Подружилась  с  очень  хорошей  большеглазой  девочкой  Таней,  дочерью  директора.  Не  помню,  чего   он  был  директор  - меня  это  совершенно  не  интересовало!  А  девочка  была  замечательная!  У  них  в  большущем  сундуке   хранилось  бесчисленное  количество  книг.  Я   приходила  к  ним  и  читала,  читала, читала.  Летом  мы  проводили  время  в  саду  у  Тани,  объедаясь  абрикосами  и  черешней.  Дружили  мы  беззаботно  и  радостно.  Ругали  Бориса,  который  был  влюблен  в  Таню,  а  меня  всё  время  дразнил.  Обсуждали  мальчика  Юру, который  мне  казался  очень  хорошим.
Однажды  Таня  мыла  пол  в  своём доме,  а  я  помогала  ей.  Мы  хохотали, вспоминая  всякие  глупости  из  школьной  жизни.  Вдруг,  Таня  написала  на  части ещё  сухого  пола:
    - Давай  поцелуемся.
Мы  обе  ужасно  застеснялись,  покраснели.  Пол  высох  и  исчезли  непонятно -  приятные,  необъяснимо  тревожащие  слова.
Вошла  мама  Тани  и  я  с  Таней  помчались  в  сад,  забыв  о  словах  на  полу. 

    А  нянька  по  вечерам  старалась,  хоть  как -то,  меня  познакомить  с правильными   мыслями  и  ценностями.  Пугала  меня  рассказами  о  странных   чудесах,  о  домовых  и  привидениях,  и  запугала  меня  навсегда.  Маму  я  видела   мало,  она  очень  много  работала:  муж  умер,  а  жизнь  продолжалась,  надо  было  как -то  жить  дальше,  растить  дочь!,  работала  мама  много,  очень  уставала,  но  оставалась  весёлой  всегда  нарядной  милой  женщиной.  Мама  прекрасно  шила  поэтому  всегда  была  модно  и   вполне  красиво  одета.  Замужние  женщины   напряженно  следили  за  каждым  шагом  этой  без  мужа. Однажды  ночью,  когда  я  и  мама  уже  крепко  спали,  с  грохотом  ворвалась  в  наш  дом  тётка  с  топором  в  руках.  Оказалось,  её  муж  не  пришел  домой  и  эта  женщина  была  уверена,  что  он   у  моей  мамы.  Не  обнаружив  своего  мужа  у  нас,  женщина  злобно  наорала  на  мою  маму  и  умчалась  дальше  со  своим  топором  разыскивать  непутёвого  мужа.
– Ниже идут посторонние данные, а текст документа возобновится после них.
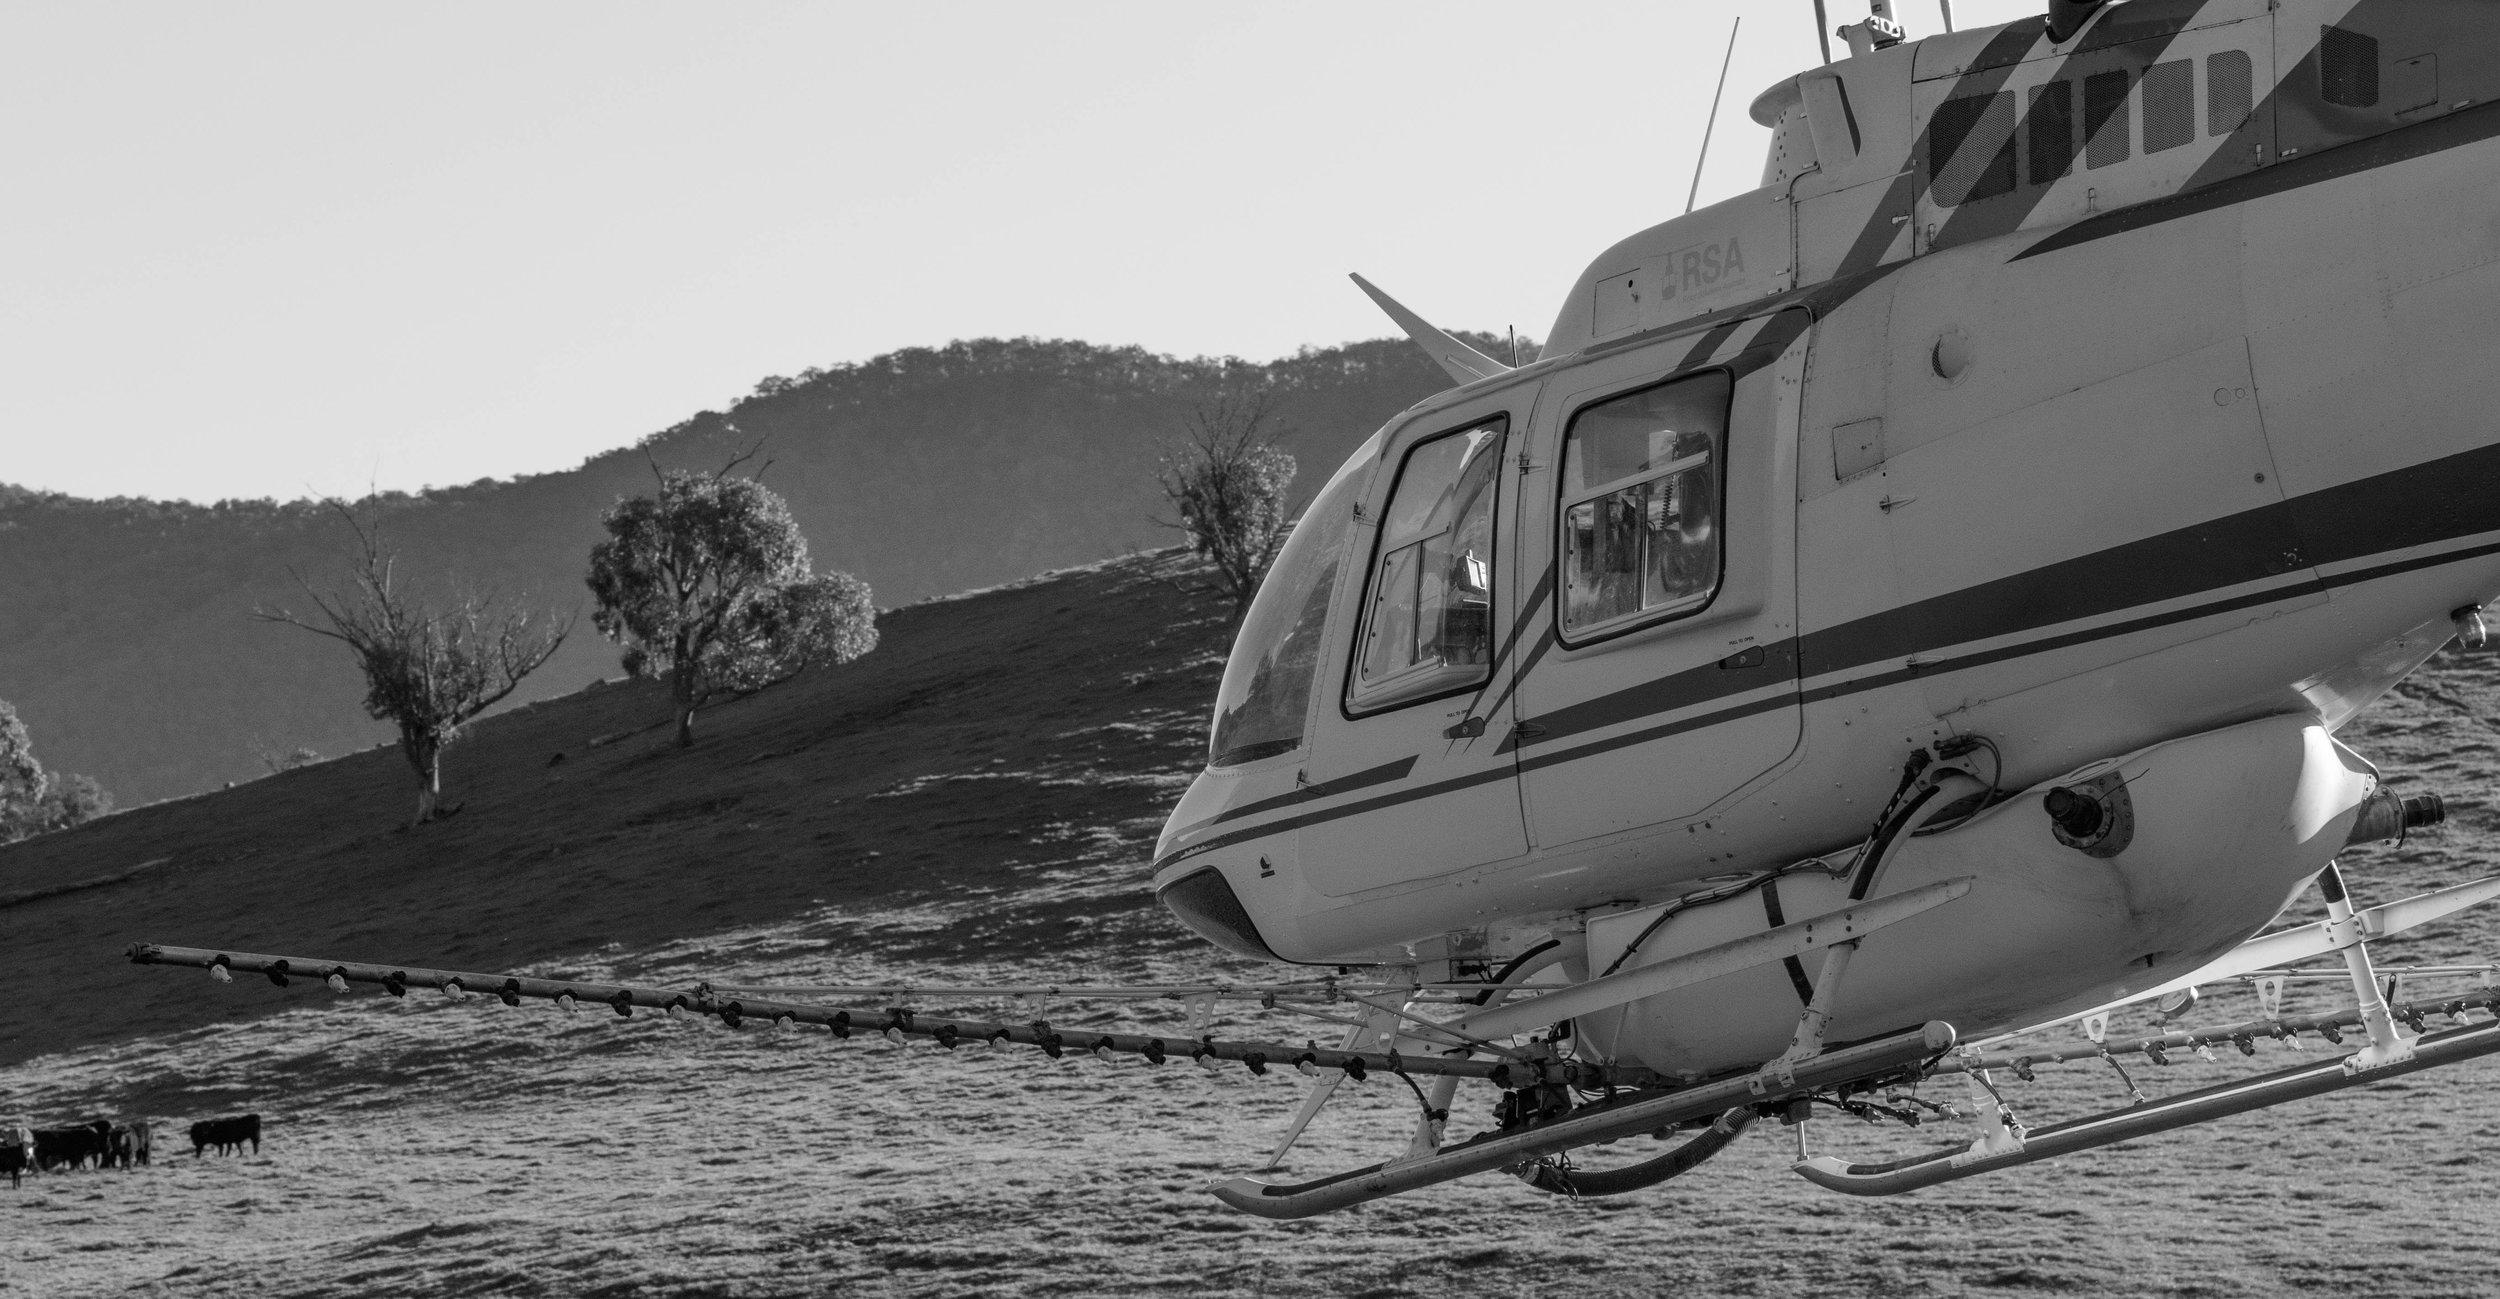 Jetranger Helicopter Spraying, Upper Murray NSW

    Очередной  вечер,  на  дворе  совсем  темно,  нянька  рассказывала  мне  что-то  о  своей  жизни.  Раздалось  громкое  журчание,  будто  кто-то  налил  воды  в  чашку.  Удивившись  нянька  со  мной  пошли  в  нашу  маленькую  кухоньку.  На  полу  кухни  поблёскивала  лужа.  Странная  лужа  - ниоткуда!  На  сухом  полу  посерёдке  лужица.  Потолок,  тоже,  сухой.
    - Плохо,  - сказала нянька,  - Быть  большой  беде!
Я  вскоре  конечно  забыла  эту  лужицу  и  слова  няньки.  Но  грянула  беда:  не  знаю,  за  что,  но  директора  рыбкомбината,  где  работала  моя  мама,  отдали  под  суд  и  намекнули  всем  сотрудникам,  что  лучше  уйти  от  греха  подальше  и  найти  другую  работу.  Мама  начала  паковать  чемоданы.  Где -то  далеко  ей  предложили  работу.
 Грустно  сидели  мы  с  Таней  в  их  саду,  с  ужасом  понимая,  что  скоро,  очень  скоро  мы  будем  жить  далеко друг  от  друга.  На  вокзале  наши  мамы,  улыбаясь, сказали:
    - Поцелуйтесь  на  прощание.
Я  и  Таня  смущенно  прятались  за  своих  мам:  это  было  выше  наших  сил  - поцеловаться!

    Мы  с  Таней  никогда  больше  не  увиделись,  хоть  переписывались  лет  пять.
У  нас  началась  полная проблем  новая  жизнь  с  ноля.  Марие  Ивановне  - нашей  домработнице  пришлось  искать  новую  работу  - у  моей  мамы  теперь  было сложно  с  деньгами.
Моя  беспечная  радостная  жизнь  ушла  навсегда.


    
       Ветка лозы или прутик ивы -  ими наказывали - били непослушных детей в деревнях.